Polysilazanes have been prepared by stock and somieski research groups since the 20 th century, and this compound has been almost a century of development and application studies in the latter. Polysilazanes have been used mainly for Si₃N₄Or a Si-C-N ceramic precursor, most of the work is focused on developing the application of the ceramic material by utilizing the characteristic that the ceramic material is formed by high-temperature pyrolysis and conversion of the ceramic material, and the application is expanded to the fields of coatings, adhesives, ceramic matrix composite materials, ceramic films, micro-electro-mechanical systems (MEMS), porous ceramics and the like at present, but the existing research shows that polysilazane has higher required concentration when being used for coatings and treating ceramic and metal surfaces, and the mass fraction of the polysilazane is generally required to be 20-60% so as to cover the larger defects of the substrate surface and achieve the expected performance requirements.

Disclosure of Invention

The invention utilizes the excellent anchoring effect and physical and mechanical properties of the organic polysilazane to be matched with other substances such as organosilane coupling agents and the like to prepare the high-hardness easy-to-clean coating, constructs the environment-friendly fluorine-free super-hydrophobic coating, simultaneously solves the problem of poor adhesion between the substances with low surface energy and the base material for a long time, improves the stability and durability of the coating and the surface, enhances the hardness of the coating and the like

The invention aims to overcome the defects of the prior art, provide an organic silicon modified organic polysilazane with excellent anchoring effect and physical and mechanical properties, and provide an environment-friendly fluorine-free super-hydrophobic high-hardness easy-to-clean coating.
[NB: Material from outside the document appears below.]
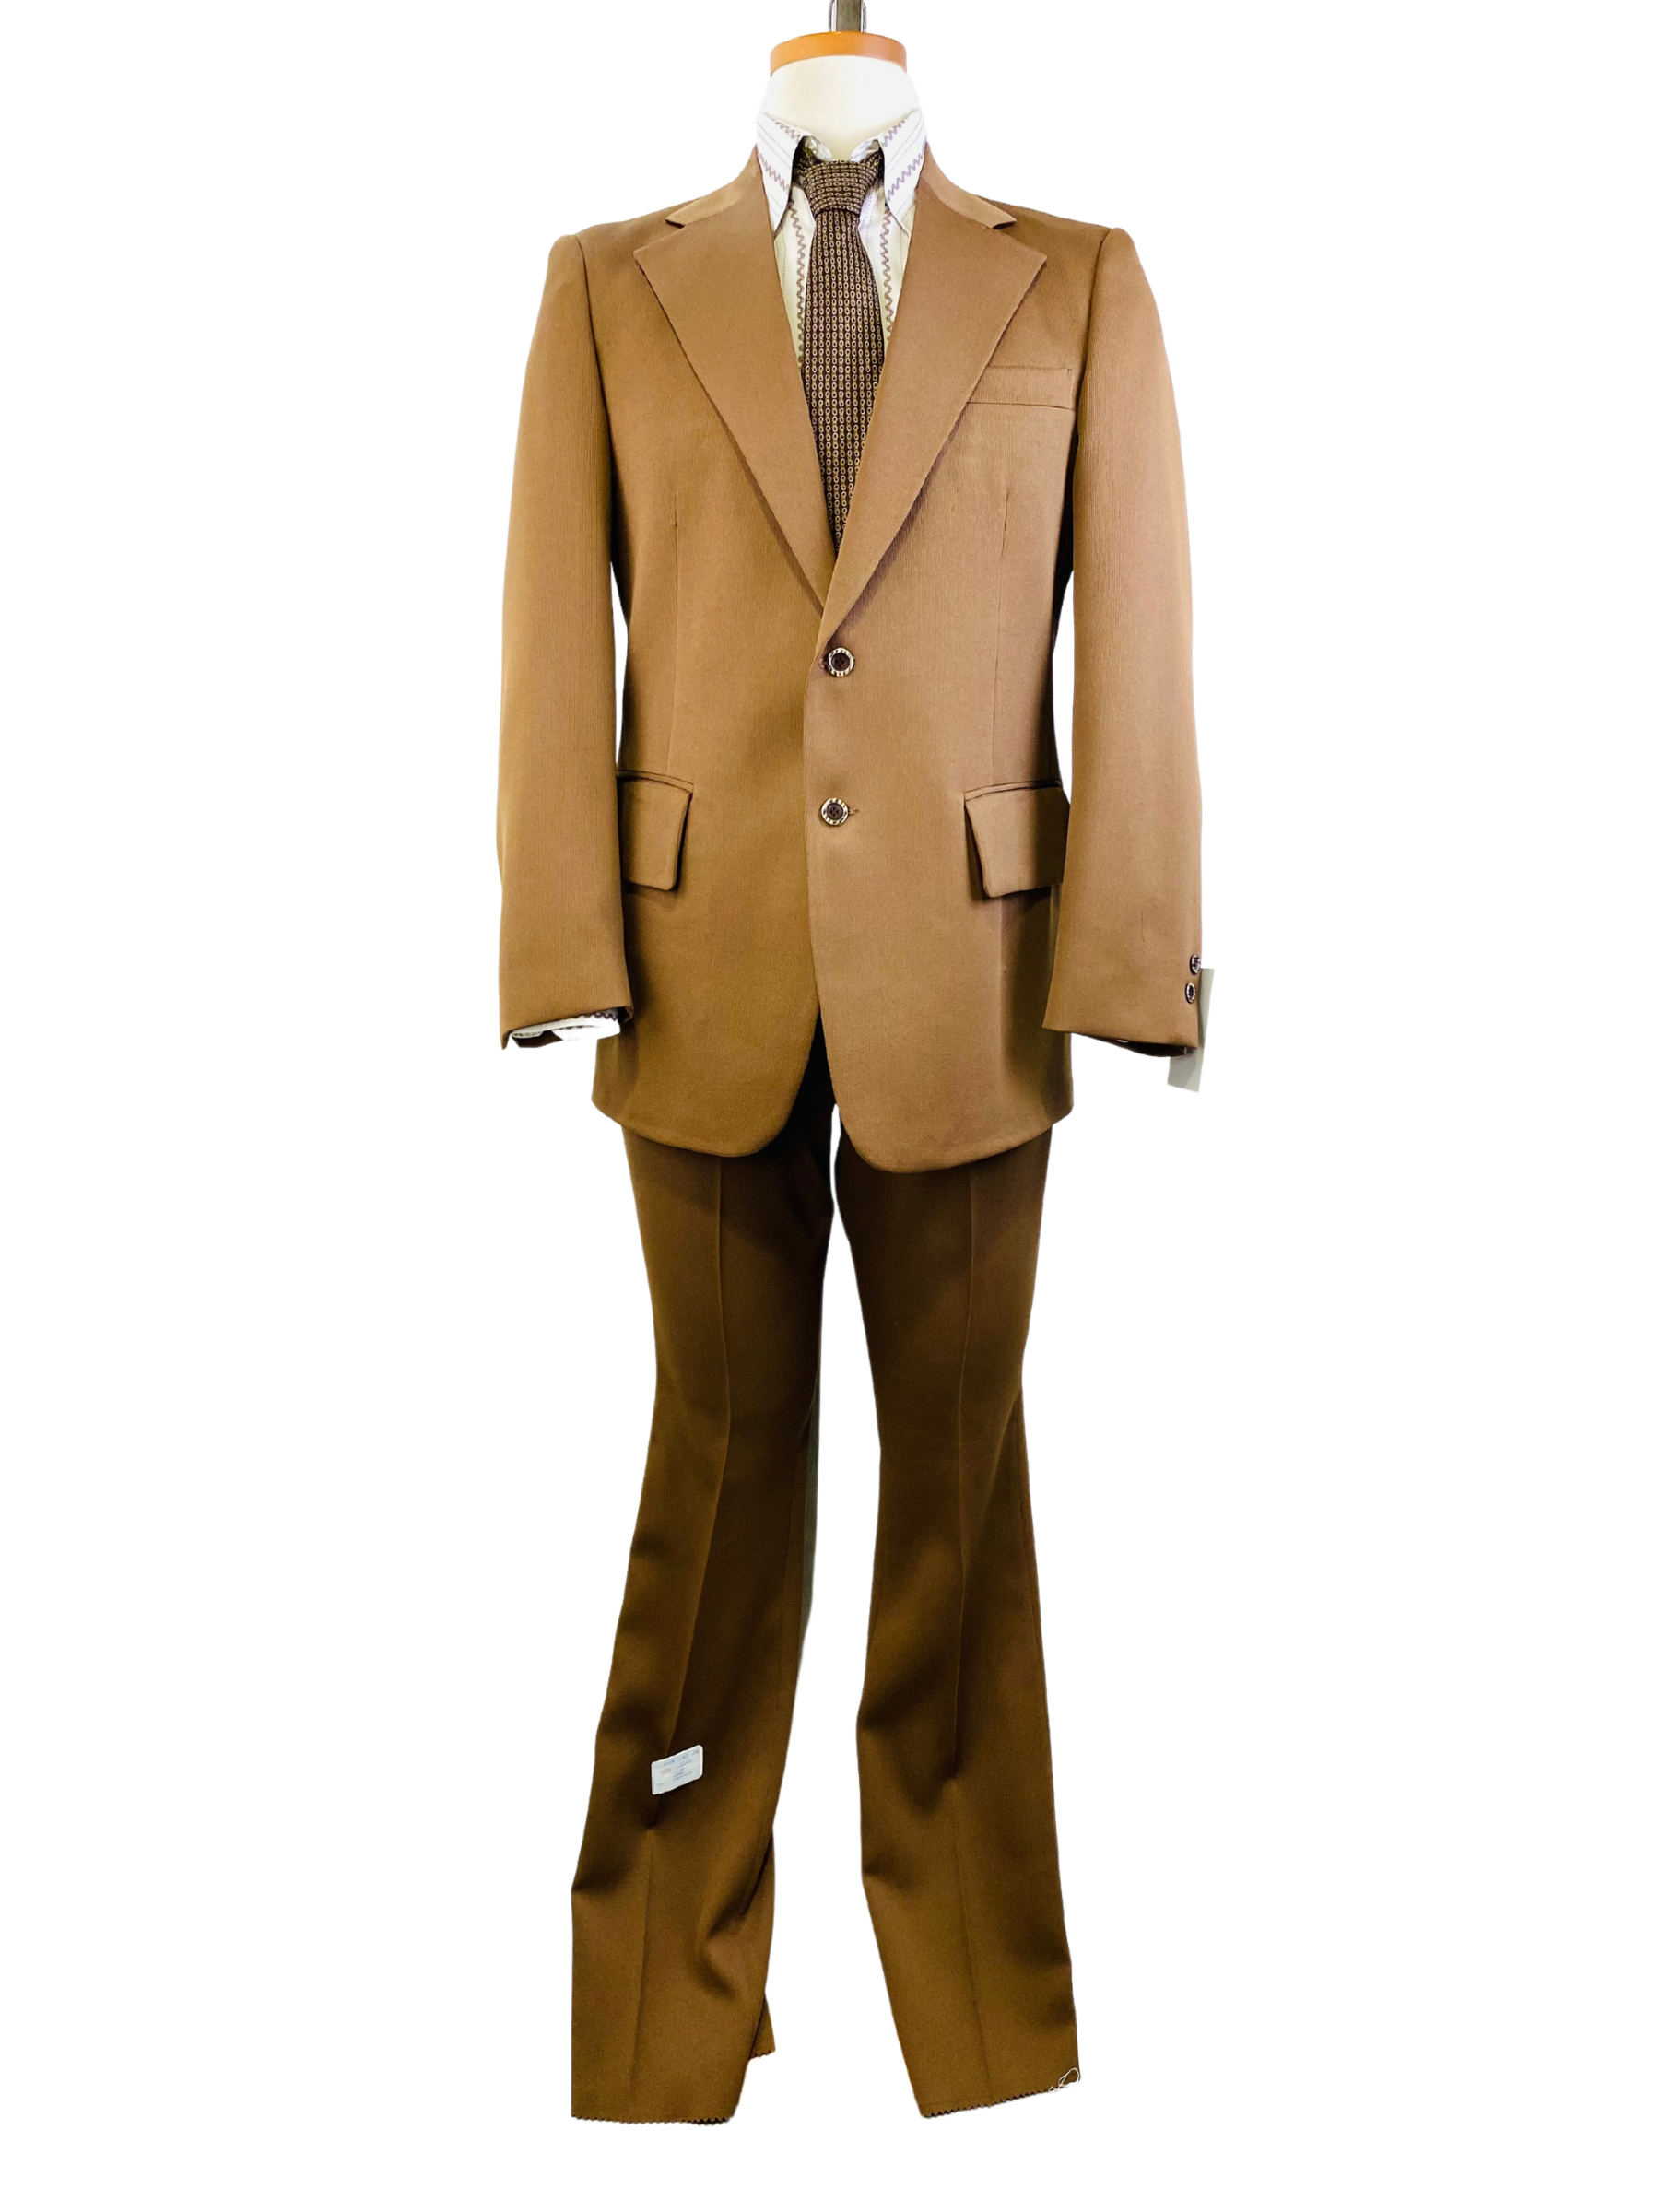 1970s Vintage Deadstock Men's Suit, Brown Solid 2-Piece Poly-Twill Suit, Prestige Clothes, NOS

The purpose of the invention is realized by the following technical scheme:

providing an organosilicon modified organopolysilazane obtained by the steps of:

s1, premixing: firstly, dissolving organic polysilazane containing double bonds in a solvent system, then adding a coupling agent containing mercaptosilane, fully mixing, finally adding an initiator, and dissolving and mixing to obtain a mixed solution I;

s2, reaction: reacting the mixed solution I obtained in the step S1 under the conditions of stirring and ultraviolet light irradiation to obtain a mixed solution II;

s3, impurity removal: carrying out reduced pressure distillation on the mixed solution II obtained in the step S2 to obtain the organic silicon modified organic polysilazane;

wherein, the steps S1 to S3 are all performed in an oxygen-free environment.
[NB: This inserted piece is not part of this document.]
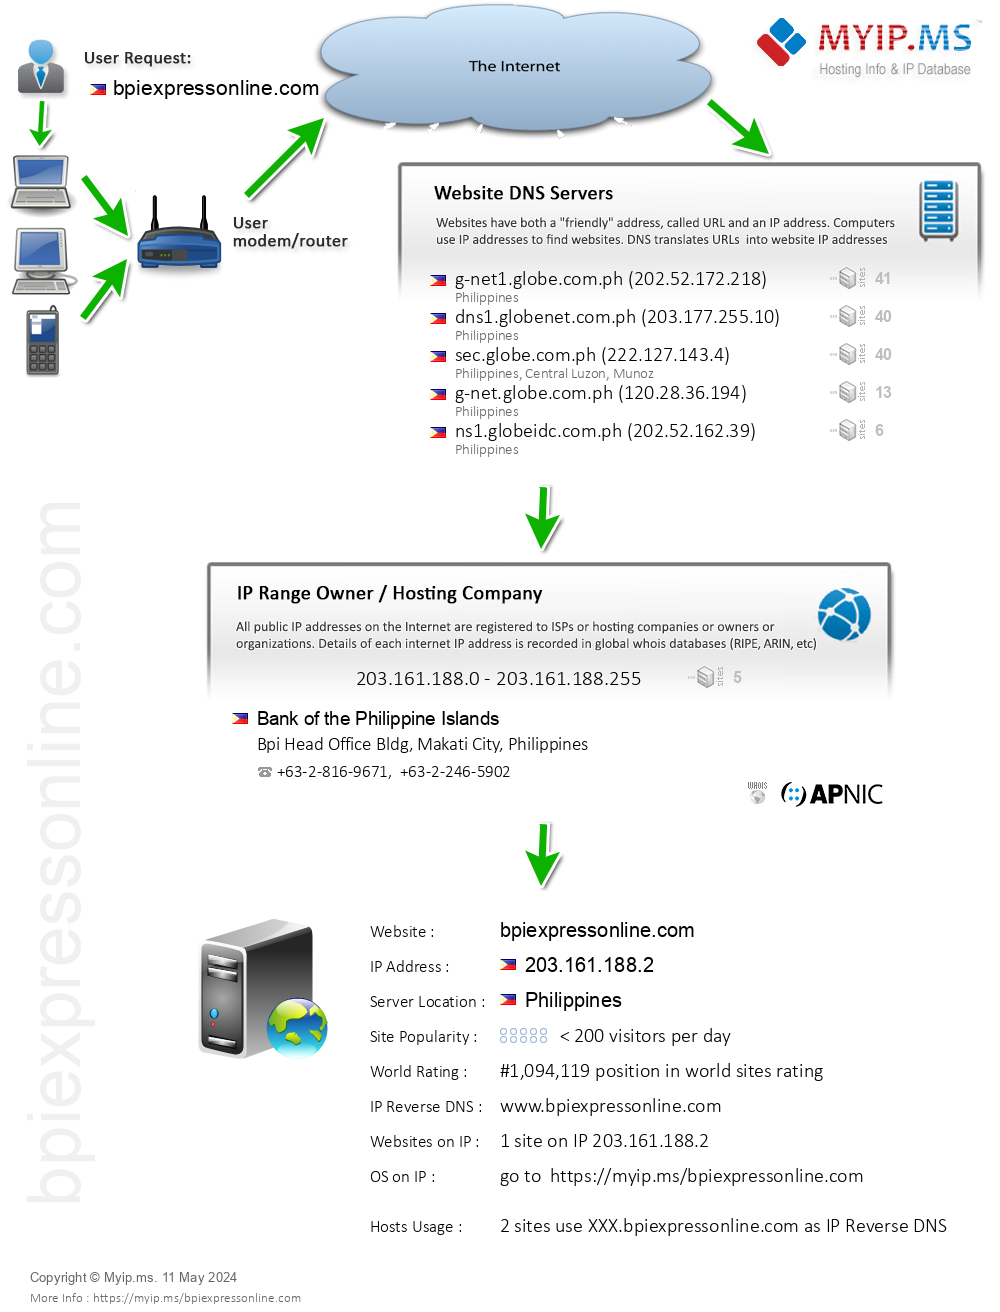 Bpiexpressonline.com - Website Hosting Visual IP Diagram

The general structural formula of the organic polysilazane is

Wherein R is₁、R₂、R₃Some or all of the groups are organic groups; since the electronegativity of Si and N atoms constituting the Si-N bond of the polysilazane macromolecular main chain is different by 1.2, and the electronegativity difference is between the Si-C bond and the Si-O bond, about 30% of the characteristic bonds of the Si-N bond with ionic bonds have a characteristic bond energy of about 355KJ/mol, so that the Si-N bond can be easily converted into other types of new bonds and can easily react with water, polar compounds or oxygen. The organic polysilazane has active chemical properties, and Si-H, Si-N and N-H bonds rich in the molecular structure of the organic polysilazane are easy to react with other substances. The Si-H and N-H bonds can both generate dehydrogenation coupling reaction, and the Si-N bond can not only generate water/alcoholysis reaction with hydroxyl-containing compounds such as water, alcohol, phenol, silanol and the like, but also can generate reaction with halides of acid, boron or phosphorus and the like. In addition, polysilazanes can also participate in important reactions such as hydrosilylation transamination and dehydrocoupling reactions. Due to the unique structure of the material, the material has excellent anchoring performance on the surfaces of most substrate glass, metal materials and the like, Si-H, N-H bonds rich in molecular structures can react with the substrate, so that macromolecules are anchored on the surface of the substrate in a covalent bond mode, and the effect and the efficiency are high. Because of the special reaction property of polysilazane, the invention adopts a click chemistry method, and adopts a series of mercaptosilane coupling agents to modify organic polysilazane containing double bonds to obtain organic polysilazane compounds modified by organic silicon with different structures.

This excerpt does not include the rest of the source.